Comparison of Electrodermal Activity Signal Decomposition Techniques for Emotion Recognition

Emotions play an essential role in human life as they are linked to well-being and markers of various diseases. Physiological signals can be used to assess emotions objectively and continuously. Electrodermal activity (EDA) is particularly interesting to assess emotions due to its relationship with the sympathetic nervous system. EDA signals are composed of tonic and phasic components that react differently to emotions, and various methods are available to obtain these components. However, the most accurate and effective method used for emotion analysis based on the phasic component of EDA has not been reported so far. This study presents the comparison of various EDA decomposition methods used for emotion detection based on levels of affective dimensions (arousal and valence) levels (low vs. high).

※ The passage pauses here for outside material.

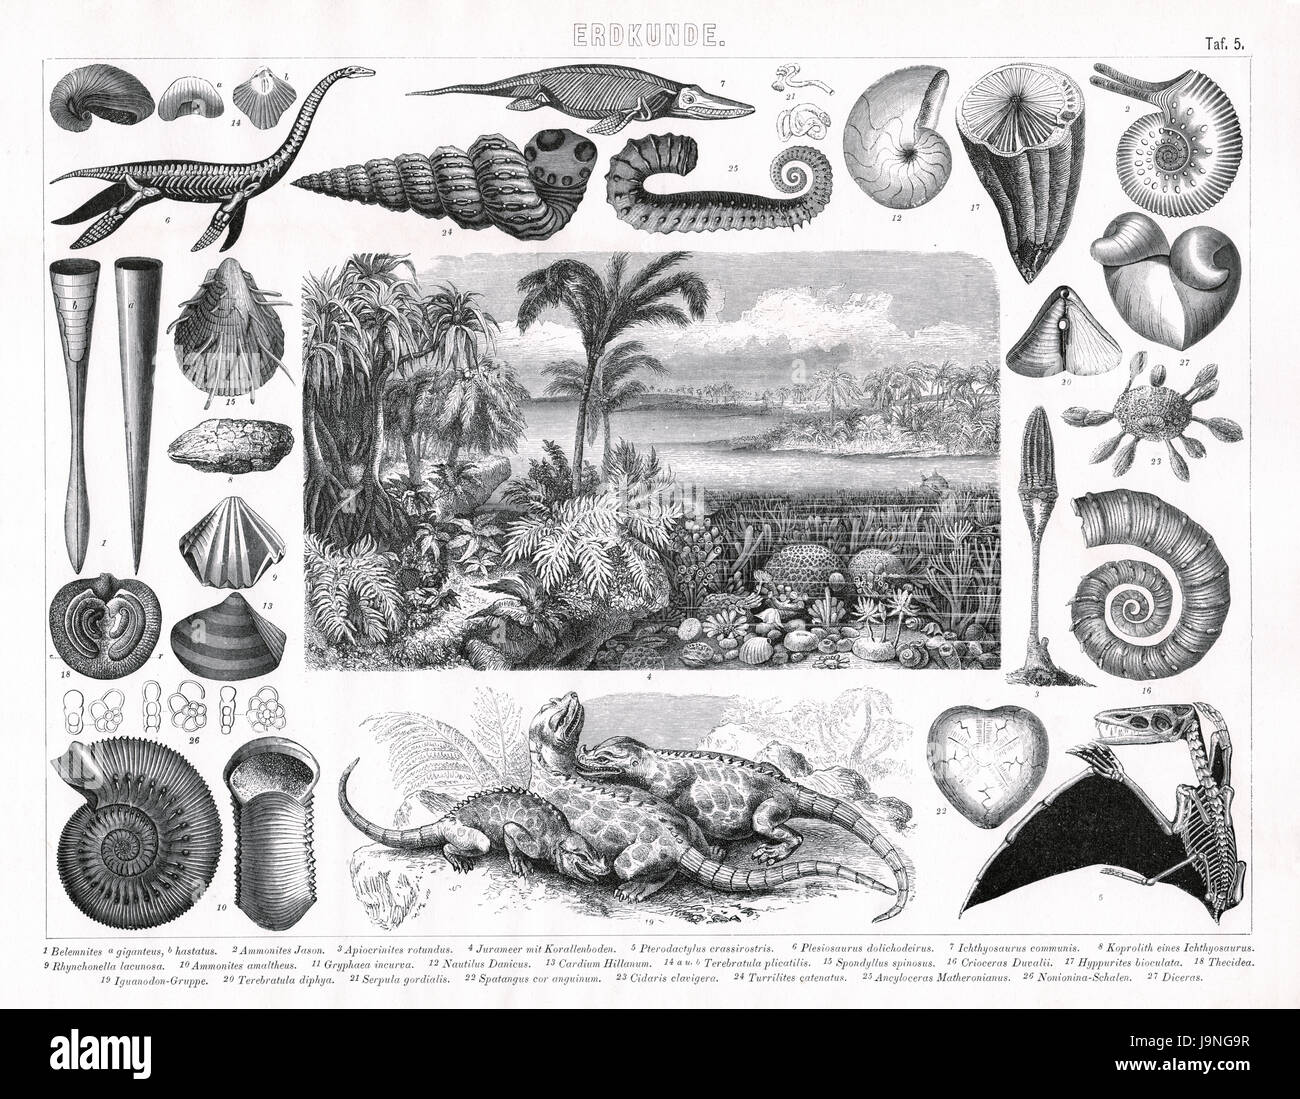 Pflanzen und Tieren aus dem Jura, Trias und verschiedenen anderen geologischen Zeiträumen. Stockfoto

In this study, EDA was decomposed using six methods, namely convex optimization-based EDA(cvxEDA), Time-Varying Sympathetic Activity (TVSymp), continuous decomposition analysis (CDA), dynamic causal modeling (DCM), BayesianEDA, and sparse deconvolution approach (Sparse). To test the most usable decomposition method for objective assessment of emotions, EDA signals from the database for emotion analysis using physiological signals (DEAP) were obtained. Statistical, morphological, Hjorth, and non-linear Entropy features were extracted from the phasic component obtained from each decomposition method and fed to the Random Forest and support vector machine classifiers for detection of arousal and valence affective dimension. TVSymp yielded the highest F1 score of 72.79% and 73.49% for classifying Arousal and Valence, respectively.